INITIALIZE_PASS_BEGIN(X86FastPreTileConfig, DEBUG_TYPE,

                      "Fast Tile Register Preconfigure", false, false)

INITIALIZE_PASS_END(X86FastPreTileConfig, DEBUG_TYPE,

                    "Fast Tile Register Preconfigure", false, false)


static bool dominates(MachineBasicBlock &MBB,

                      MachineBasicBlock::const_iterator A,

                      MachineBasicBlock::const_iterator B) {

  auto MBBEnd = MBB.end();

  if (B == MBBEnd)

    return true;


  MachineBasicBlock::const_iterator I = MBB.begin();

  for (; &*I != A && &*I != B; ++I)

    ;


  return &*I == A;

}


/// This allocates space for the specified virtual register to be held on the

/// stack.

int X86FastPreTileConfig::getStackSpaceFor(Register VirtReg) {

  // Find the location Reg would belong...

  int SS = StackSlotForVirtReg[VirtReg];

  // Already has space allocated?

  if (SS != -1)

    return SS;


  // Allocate a new stack object for this spill location...

  const TargetRegisterClass &RC = *MRI->getRegClass(VirtReg);

  unsigned Size = TRI->getSpillSize(RC);

  Align Alignment = TRI->getSpillAlign(RC);

  int FrameIdx = MFI->CreateSpillStackObject(Size, Alignment);


  // Assign the slot.

  StackSlotForVirtReg[VirtReg] = FrameIdx;

  return FrameIdx;

}


/// Returns false if \p VirtReg is known to not live out of the current config.

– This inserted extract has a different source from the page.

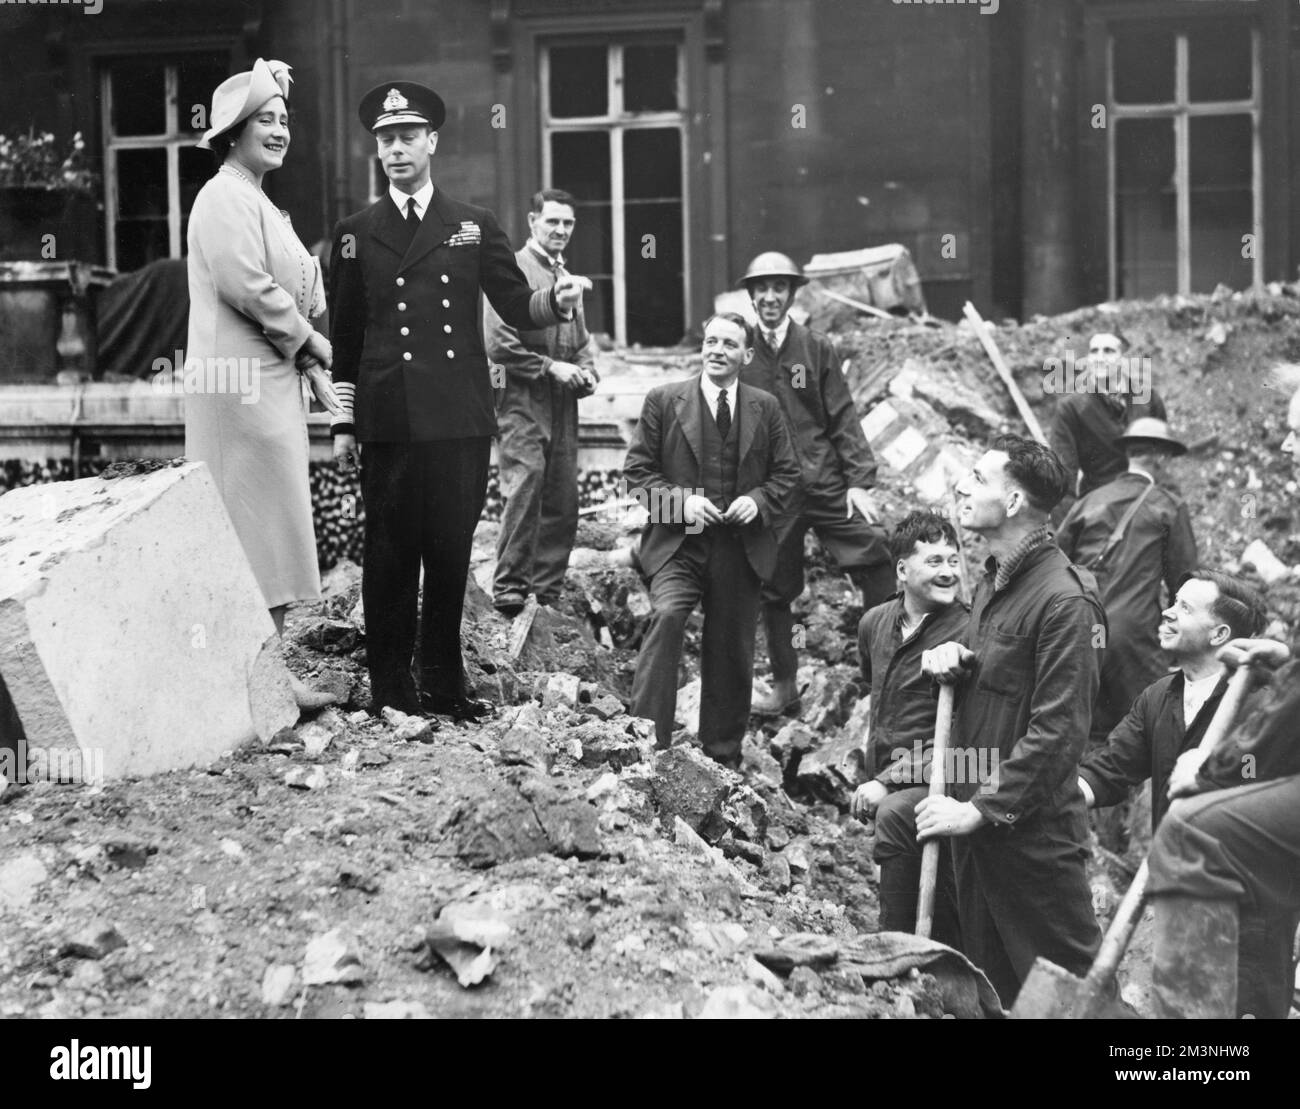 King George VI and Queen Elizabeth pictured among the rubble at Buckingham Palace following German air raids during the Blitz, September 1940.  The Palace suffered bomb damage on 8 September and on the morning of the 13th, the King and Queen were in residence when a bomb was dropped into the Quadrangle.  They escaped unhurt but one workman was killed.     Date: 1940 Stock Photo

/// If \p VirtReg live out of the current MBB, it must live out of the current

/// config

bool X86FastPreTileConfig::mayLiveOut(Register VirtReg, MachineInstr *CfgMI) {

  if (MayLiveAcrossBlocks.test(VirtReg.virtRegIndex()))

    return true;


  for (const MachineInstr &UseInst : MRI->use_nodbg_instructions(VirtReg)) {

    if (UseInst.getParent() != MBB) {

      MayLiveAcrossBlocks.set(VirtReg.virtRegIndex());

      return true;

    }


    // The use and def are in the same MBB. If the tile register is

    // reconfigured, it is crobbered and we need to spill and reload

    // tile register.

    if (CfgMI) {

      if (dominates(*MBB, *CfgMI, UseInst)) {

        MayLiveAcrossBlocks.set(VirtReg.virtRegIndex());

        return true;

      }

    }

  }


  return false;

}


void X86FastPreTileConfig::InitializeTileConfigStackSpace() {

  MachineBasicBlock &MBB = MF->front();

  MachineInstr *MI = &*MBB.getFirstNonPHI();

  DebugLoc DL;

  if (ST->hasAVX512()) {

    Register Zmm = MRI->createVirtualRegister(&X86::VR512RegClass);

    BuildMI(MBB, MI, DL, TII->get(X86::AVX512_512_SET0), Zmm);

    addFrameReference(BuildMI(MBB, MI, DL, TII->get(X86::VMOVUPSZmr)), CfgSS)

        .addReg(Zmm);

  } else if (ST->hasAVX2()) {

    Register Ymm = MRI->createVirtualRegister(&X86::VR256RegClass);

    BuildMI(MBB, MI, DL, TII->get(X86::AVX_SET0), Ymm);

    addFrameReference(BuildMI(MBB, MI, DL, TII->get(X86::VMOVUPSYmr)), CfgSS)

        .addReg(Ymm);

    addFrameReference(BuildMI(MBB, MI, DL, TII->get(X86::VMOVUPSYmr)), CfgSS,

                      32)

        .addReg(Ymm);

  } else {

    assert(ST->hasSSE2() && "AMX should assume SSE2 enabled");

    unsigned StoreOpc = ST->hasAVX() ? X86::VMOVUPSmr : X86::MOVUPSmr;

    Register Xmm = MRI->createVirtualRegister(&X86::VR128RegClass);

    BuildMI(MBB, MI, DL, TII->get(X86::V_SET0), Xmm);

    addFrameReference(BuildMI(MBB, MI, DL, TII->get(StoreOpc)), CfgSS)

        .addReg(Xmm);

    addFrameReference(BuildMI(MBB, MI, DL, TII->get(StoreOpc)), CfgSS, 16)

        .addReg(Xmm);

    addFrameReference(BuildMI(MBB, MI, DL, TII->get(StoreOpc)), CfgSS, 32)

        .addReg(Xmm);

    addFrameReference(BuildMI(MBB, MI, DL, TII->get(StoreOpc)), CfgSS, 48)

        .addReg(Xmm);

  }

  // Fill in the palette first.

  addFrameReference(BuildMI(MBB, MI, DL, TII->get(X86::MOV8mi)), CfgSS)

      .addImm(1);

}


/// Insert spill instruction for \p AssignedReg before \p Before.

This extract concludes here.